The problem here is that it simply doesn’t make sense to ascribe any meaning to an apology created by a system that is indifferent to the most important preconditions for a meaningful apology, namely involvement and culpability. If you can very easily make an LLM generate bogus apologies for deeds it had nothing to do with, and those apologies are clearly meaningless, why would apologies for acts that could be ascribed to an LLM be any more valid? It’s preposterous to give any weight to these apologies when the LLM’s relation to the act for which it is apologizing is obviously unrelated to the generated apology.

Simply put, a system that will apologize for everything isn’t genuinely accountable for anything.

Note also that I am specifically sidestepping the question of Grok’s actual culpability for generating deepfake abuse imagery. The question of who truly bears responsibility is immaterial precisely because it’s not a factor in Grok’s responsiveness to demands for apology.

Apologies Are Not Incantations

Amid the noisy hype-and-doom cycle of public discourse over new AI technologies, there are extremely important social and cultural developments that are not getting the attention they deserve. The emergence of non-human language generators puts profound new stresses on many ways people interact with each other and their social environments. In this case, there’s nothing new about the underlying principle that apologies are not magic words. Words alone do not change reality, whether the words are put together by a human or a machine.

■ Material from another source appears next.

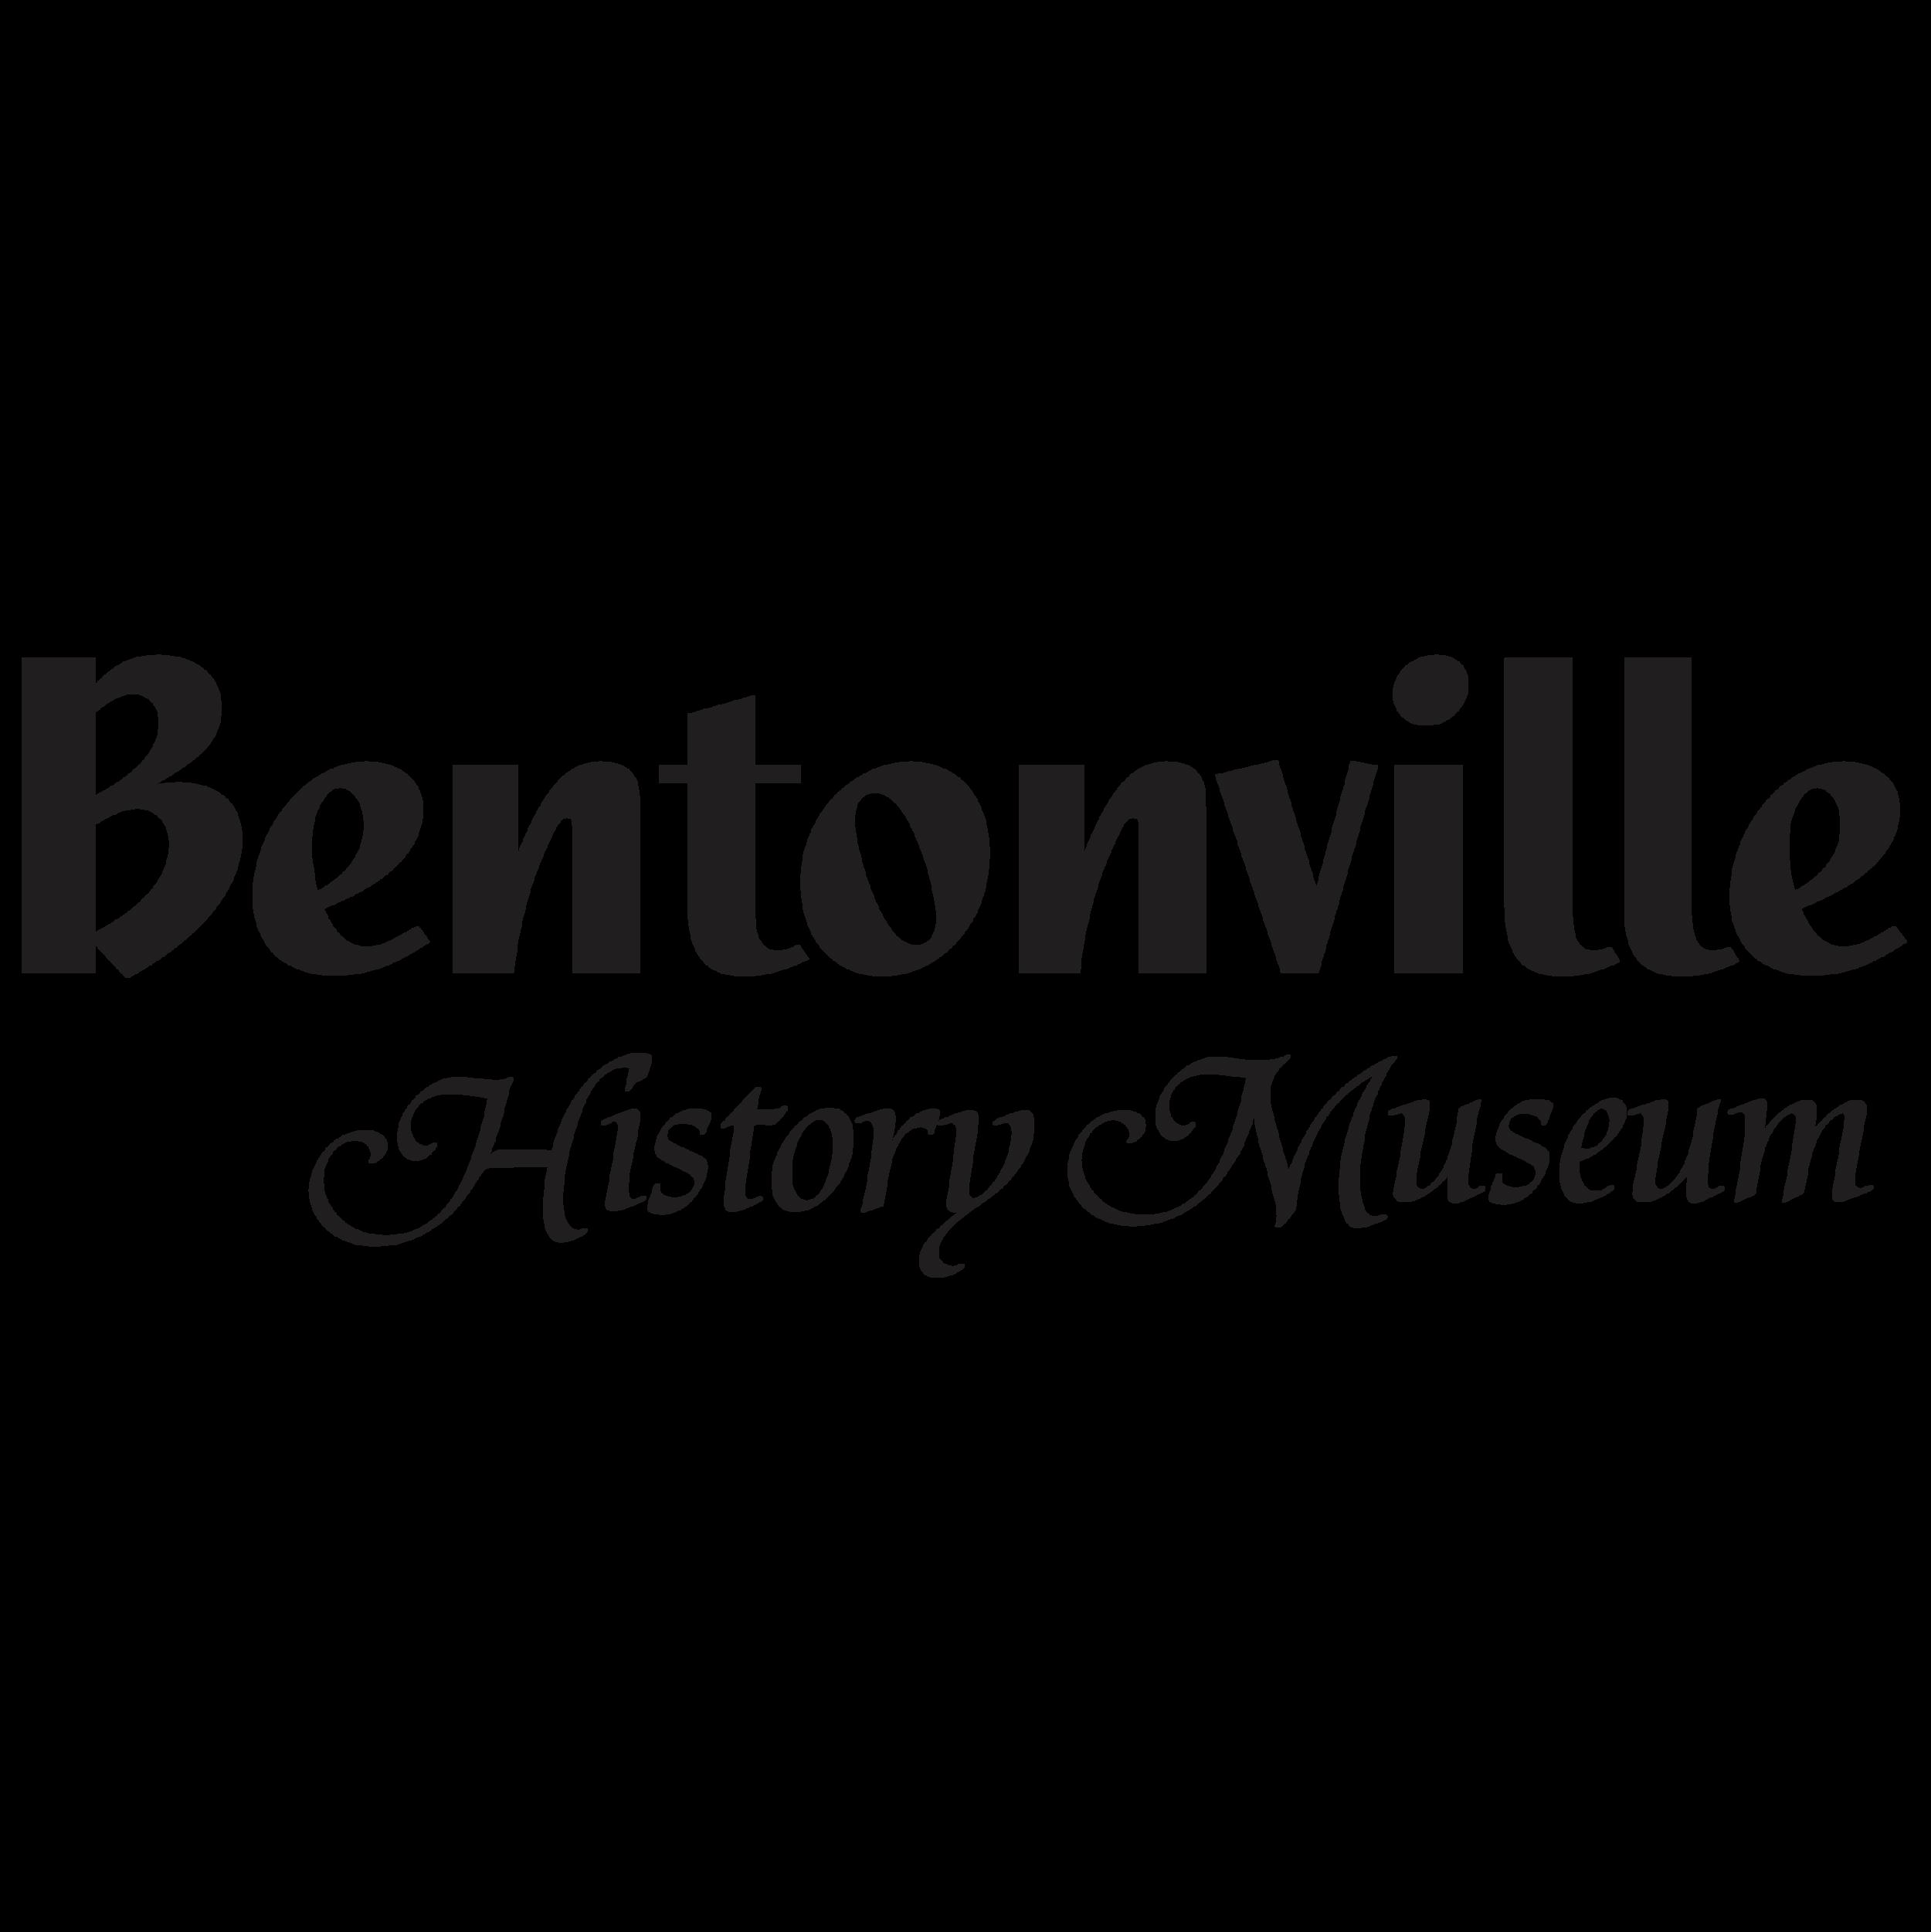 Bentonville History Museum

What has changed is the way LLMs’ apparent command of language confuses people. We are the first people in human history to encounter anything other than a human being that can generate fluent language, and that change is proving to be extremely disruptive.

But the design of these systems, as well as their behavior, makes it clear that prompting them for apologies is a fundamentally pointless exercise. Users and critics, especially those with media platforms, need to approach AI with much greater thoughtfulness and care. Sloppy thinking and writing only creates confusion, and it’s critically important at this moment, when the mass adoption of LLM technologies is having unexpected impacts on so many aspects of daily life, for public discourse to be informed by clarity and understanding.

Many people came out of this episode owing apologies, and I know better than to expect any more than a handful of them ever to be issued. It’s always hard for people to admit they were wrong, much less to take accountability. But I hope that everyone thinking about and using AI can try to be just a little bit more thoughtful, because powerful tools need to be handled carefully.